Launch Updates: To keep up to speed with updates to the launch countdown, dial the ULA launch hotline at 1-877-852-4321 or join the conversation at www.facebook.com/ulalaunch, twitter.com/ulalaunch and instagram.com/ulalaunch; hashtags #DeltaIVHeavy #NROL44
'ISS Live!' Tune in to the space station
Find out what the astronauts and cosmonauts aboard the International Space Station are up to by tuning in to the "ISS Live" broadcast. Hear conversations between the crew and mission controllers on Earth and watch them work inside the U.S. segment of the orbiting laboratory. When the crew is off duty, you can enjoy live views of Earth from Space. You can watch and listen in the window below, courtesy of NASA.
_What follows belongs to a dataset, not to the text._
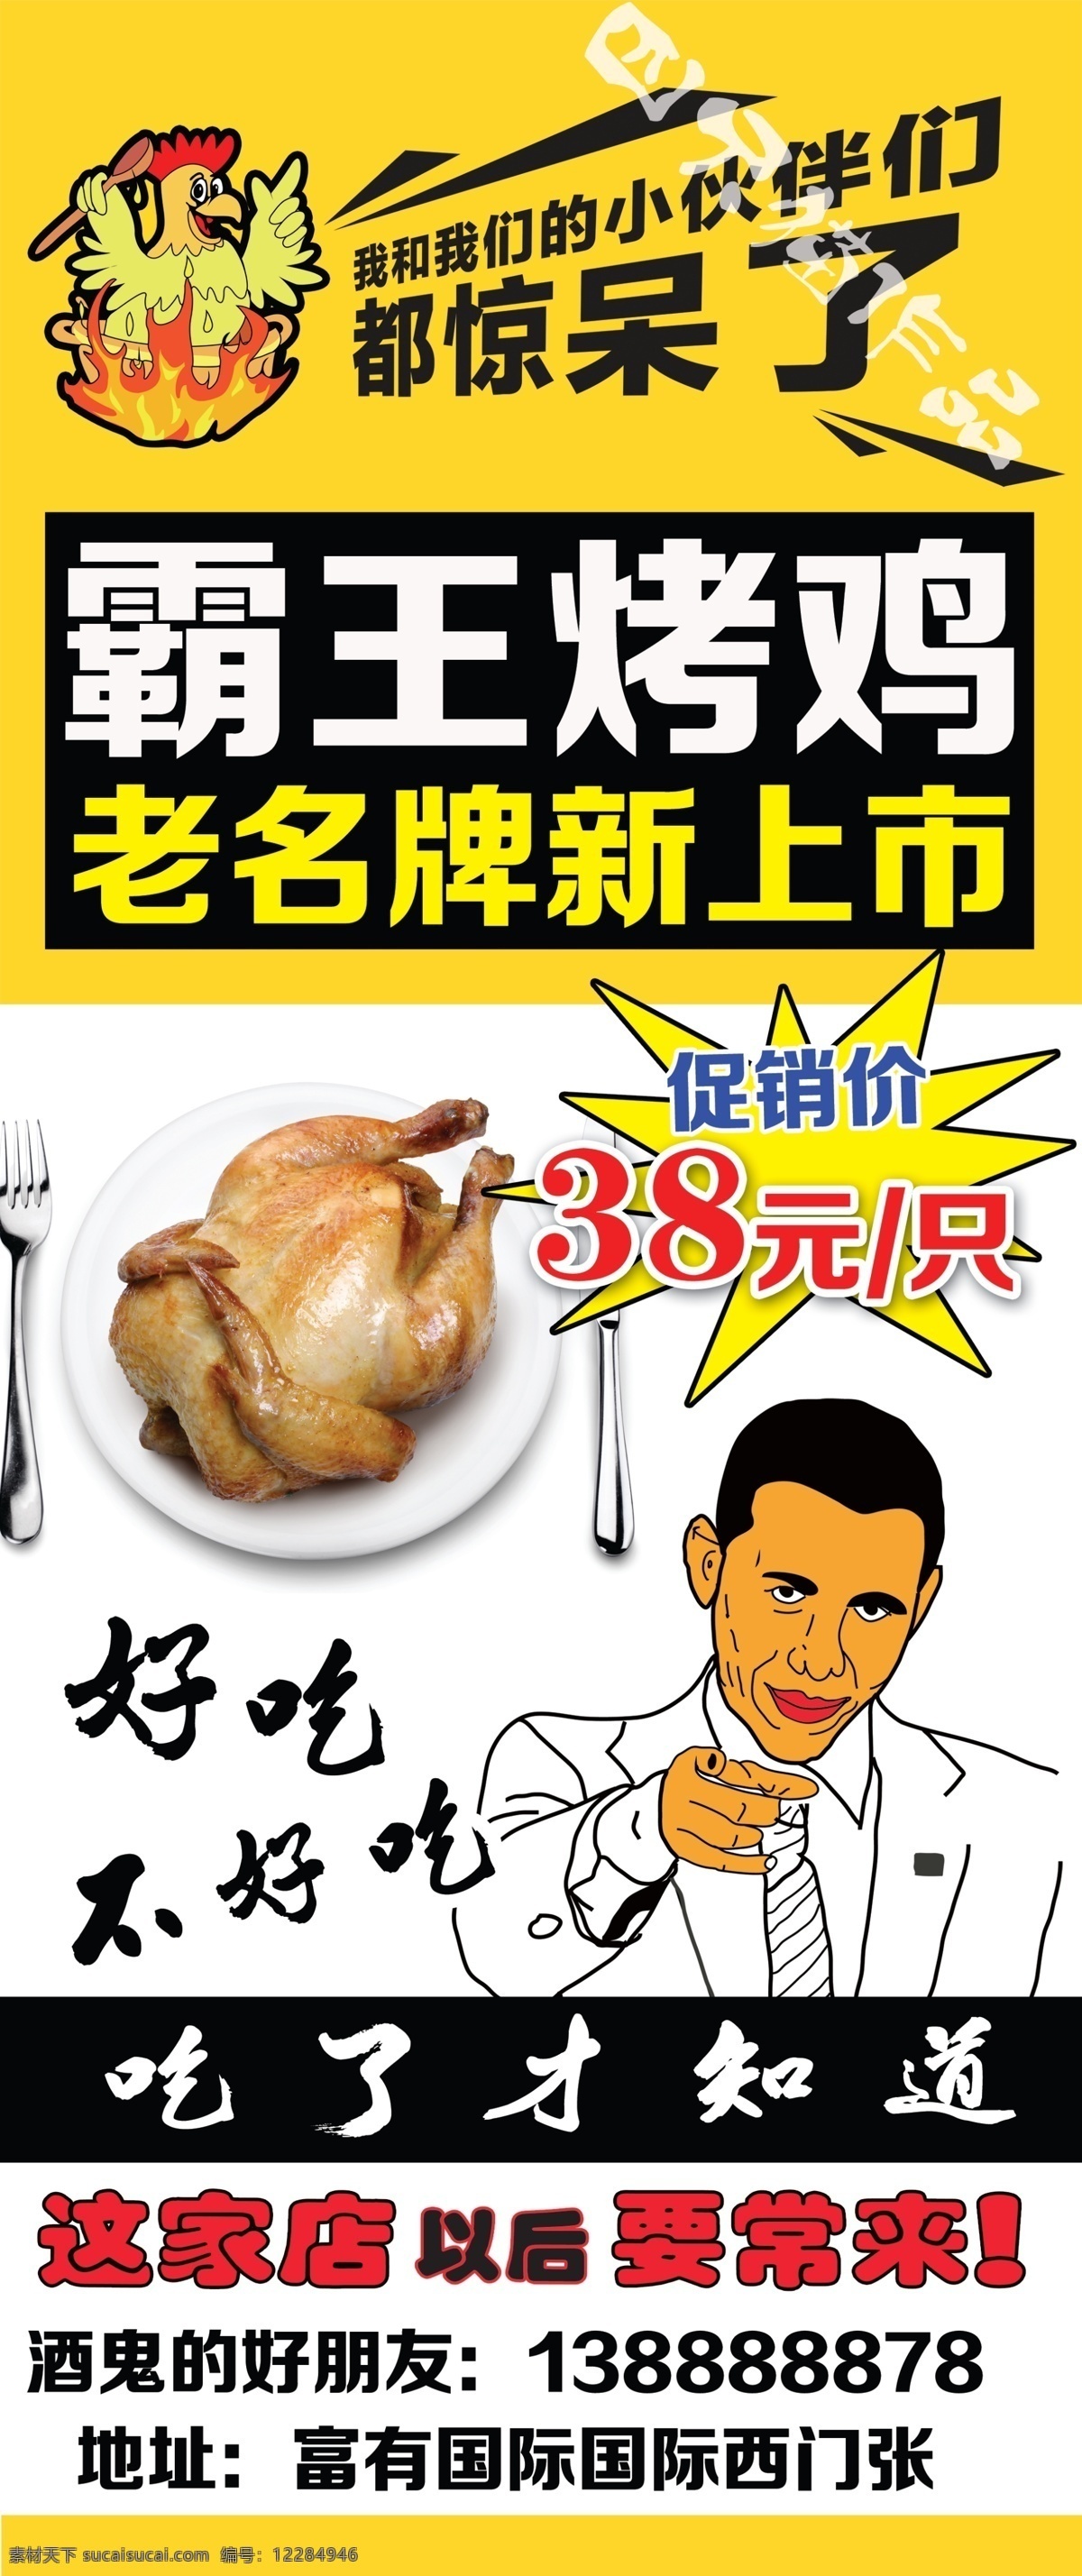 霸王烤鸡 烤鸡 创意 奥巴马 餐饮 小伙伴惊呆了 海报 好吃 母鸡 烧鸡 白色

"Live video from the International Space Station includes internal views when the crew is on-duty and Earth views at other times. The video is accompanied by audio of conversations between the crew and Mission Control. This video is only available when the space station is in contact with the ground. During 'loss of signal' periods, viewers will see a blue screen.
"Since the station orbits the Earth once every 90 minutes, it experiences a sunrise or a sunset about every 45 minutes. When the station is in darkness, external camera video may appear black, but can sometimes provide spectacular views of lightning or city lights below."